The Silent Failure
We wanted a simple optimization: skip CI when a pull request only
touches documentation files (.md, .claude/*, .vscode/*, workflow
files). The standard approach is dorny/paths-filter, a GitHub Action
that checks changed files against glob patterns.
We configured it, tested it, and it never worked. Docs-only PRs ran the full CI suite every time. No error, no warning, no indication that anything was wrong.
The cause was two bugs compounding. First, paths-filter does not
support the predicate-quantifier option we set. It silently ignores
it. Second, its glob matching failed to match .claude/** files, so
our Claude Code config changes were never classified as docs-only.
We spent three commits trying to fix the configuration: adjusting globs,
adding predicate-quantifier, inverting the pattern logic. None of it
worked because the underlying Action was not behaving as documented.
The Shell Replacement
The entire paths-filter dependency was doing one thing: classifying PR
files as docs-only or not. A case statement does that in 15 lines:
- name: Check for docs-only changes
id: check
env:
GH_TOKEN: ${{ github.token }}
run: |
if [ "${{ github.event_name }}" = "pull_request" ]; then
CHANGED=$(gh pr view ${{ github.event.pull_request.number }} \
--json files --jq '.files[].path')
else
echo "docs-only=false" >> "$GITHUB_OUTPUT"
exit 0
fi
DOCS_ONLY=true
while IFS= read -r file; do
[ -z "$file" ] && continue
case "$file" in
*.md) ;;
.claude/*) ;;
.mcp.json) ;;
.vscode/*) ;;
.github/ISSUE_TEMPLATE/*|.github/prompts/*) ;;
.github/skills/*|.github/agents/*|.github/workflows/*) ;;
.husky/*) ;;
.prettierrc|.nvmrc|.sentryclirc|.editorconfig|.nxignore|LICENSE) ;;
*) DOCS_ONLY=false; break ;;
esac
done <<< "$CHANGED"
echo "docs-only=$DOCS_ONLY" >> "$GITHUB_OUTPUT"Push events to develop always run CI (the early exit). For PRs, the
gh CLI fetches the file list and the case statement classifies each
one. The first non-docs file sets DOCS_ONLY=false and breaks.
The Gate Job
The ci-status gate job makes this work with branch protection:
ci-status:
if: always()
needs: [changes, ci]
runs-on: ubuntu-latest
steps:
- run: |
if [ "${{ needs.ci.result }}" = "failure" ] || \
[ "${{ needs.ci.result }}" = "cancelled" ]; then
echo "CI failed"
exit 1
fi
echo "CI passed or was skipped (docs-only change)"Branch protection requires ci-status, not ci. When the ci job is
skipped (docs-only PR), ci-status will run and pass. When ci
fails, ci-status fails too. The gate job is always green or red,
never skipped, so branch protection just works.

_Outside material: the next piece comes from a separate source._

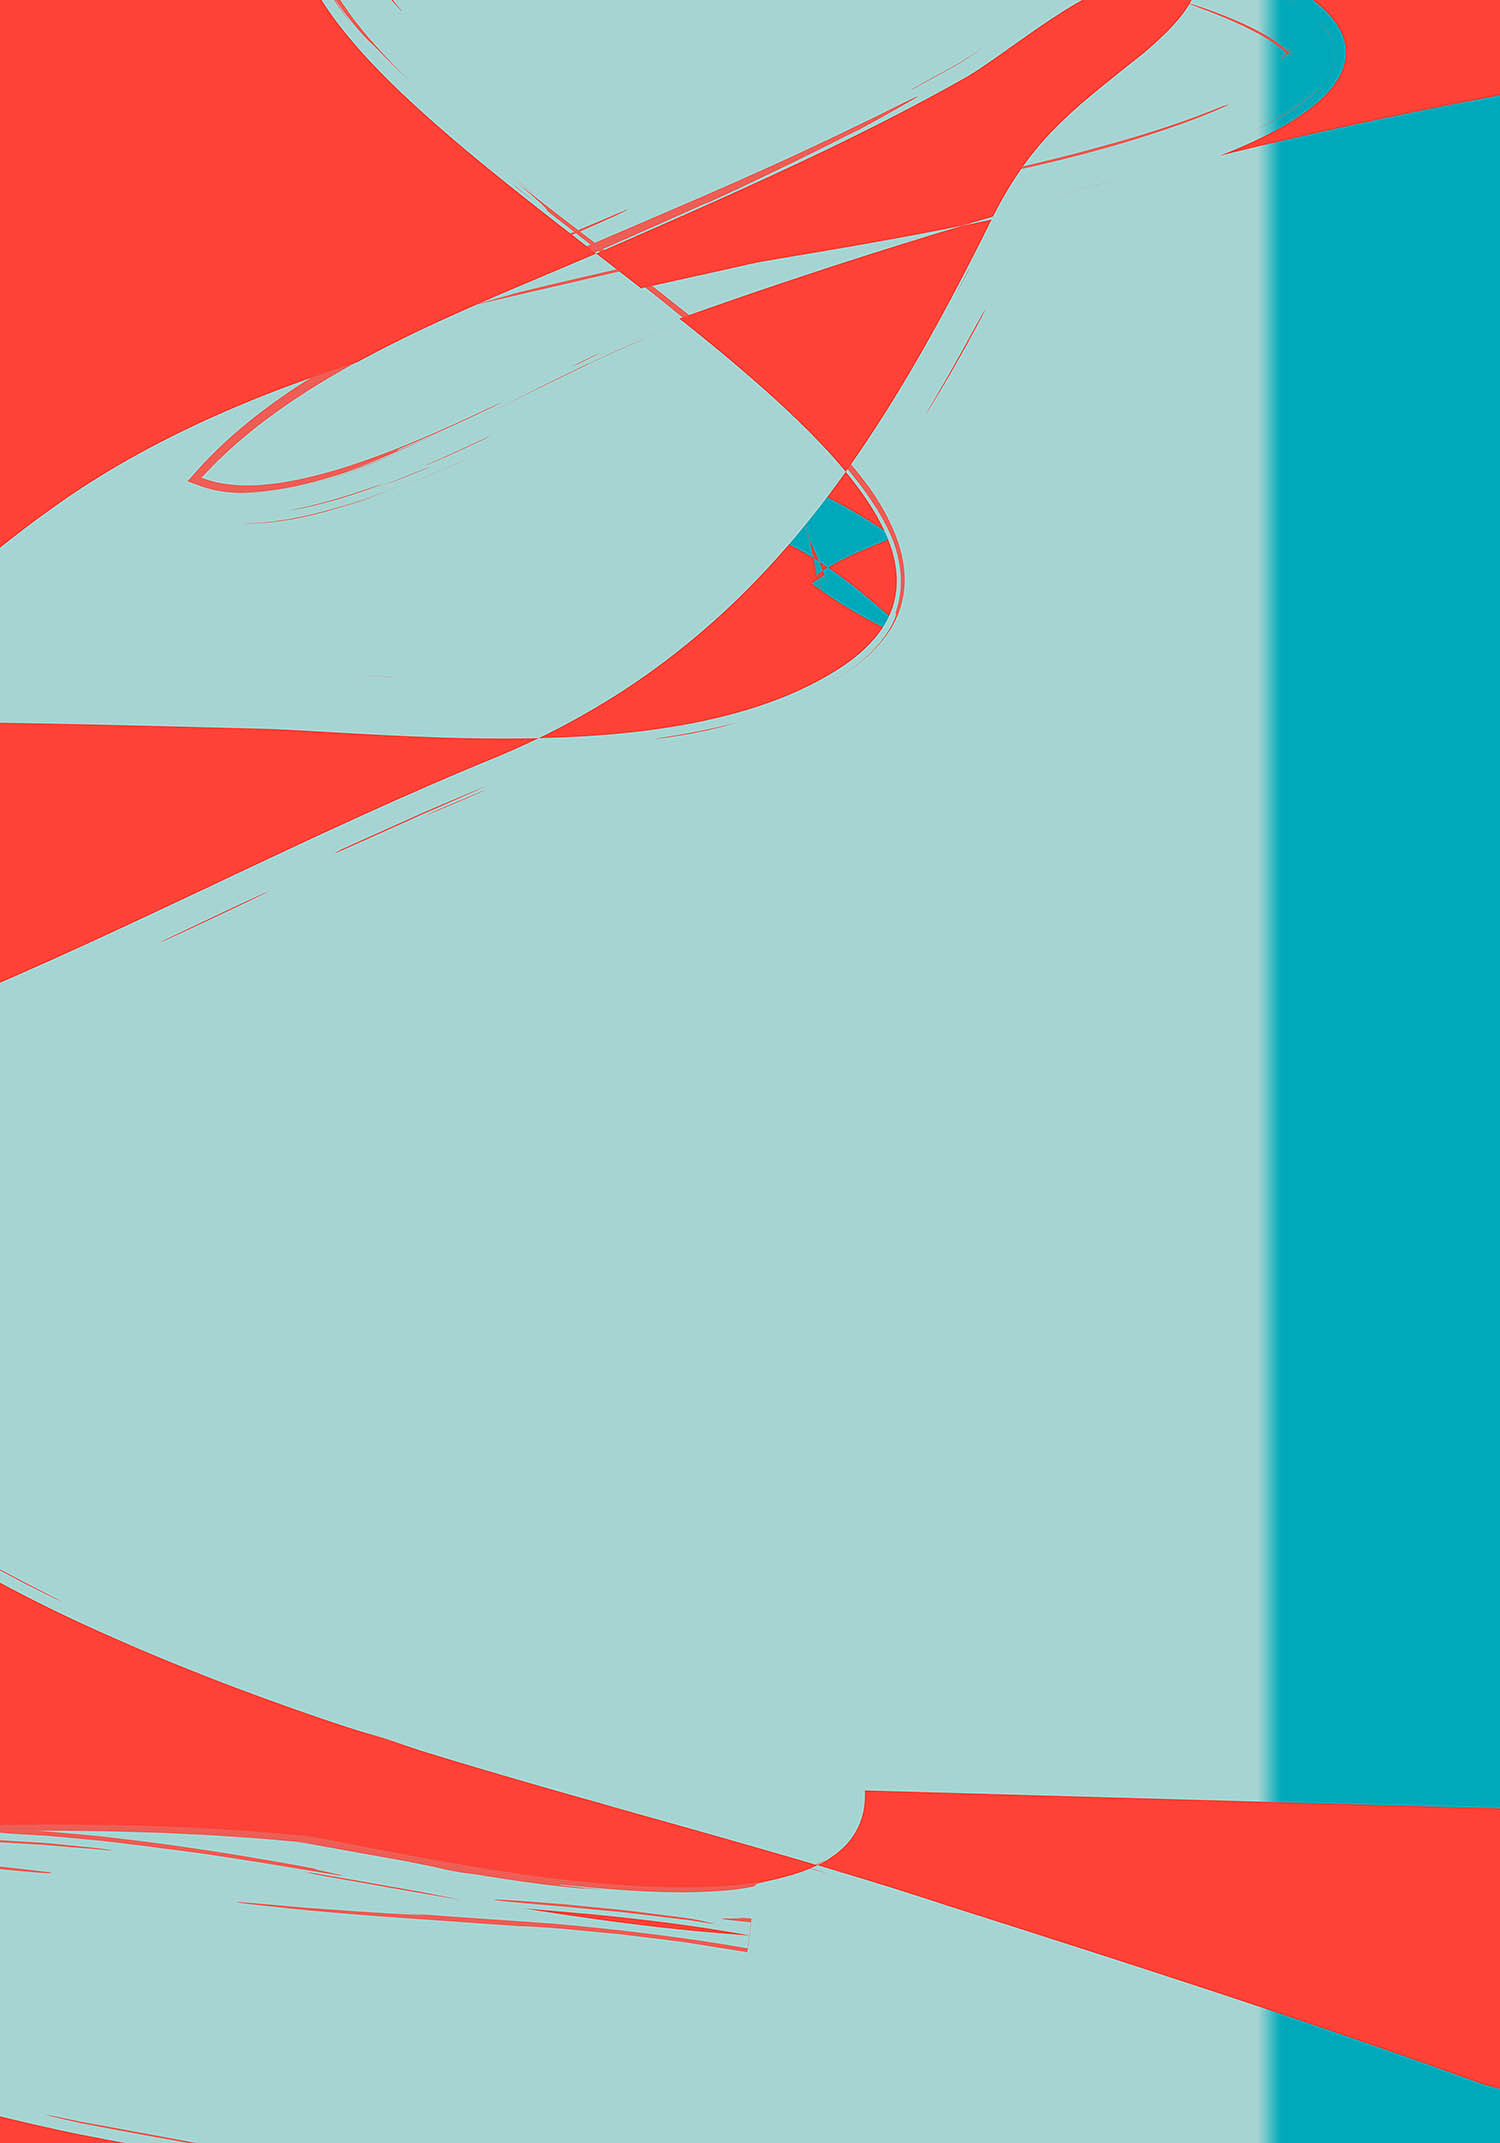 oB 42 by greek multidisciplinary artist Kostas Gogas

The nx affected Optimization
A related change in the same PR cluster: nx affected was always
diffing against main, even for feature branches targeting develop.
This meant every feature branch CI run compared against main and
rebuilt more than necessary.
The fix passes ${{ github.base_ref || 'main' }} as the --base flag.
PRs into develop now diff against develop. Pushes to develop
still diff against main. One line, fewer unnecessary rebuilds.
The Takeaway
Third-party Actions are dependencies. They can silently break, silently
ignore configuration, and silently change behavior between versions.
For simple file classification logic, shell is more transparent, more
debuggable, and has no upstream risk. Reserve Actions for when they
genuinely reduce complexity — caching, deployment orchestration,
multi-platform matrices. "Classify files against a list of patterns"
is exactly what shell's case does natively.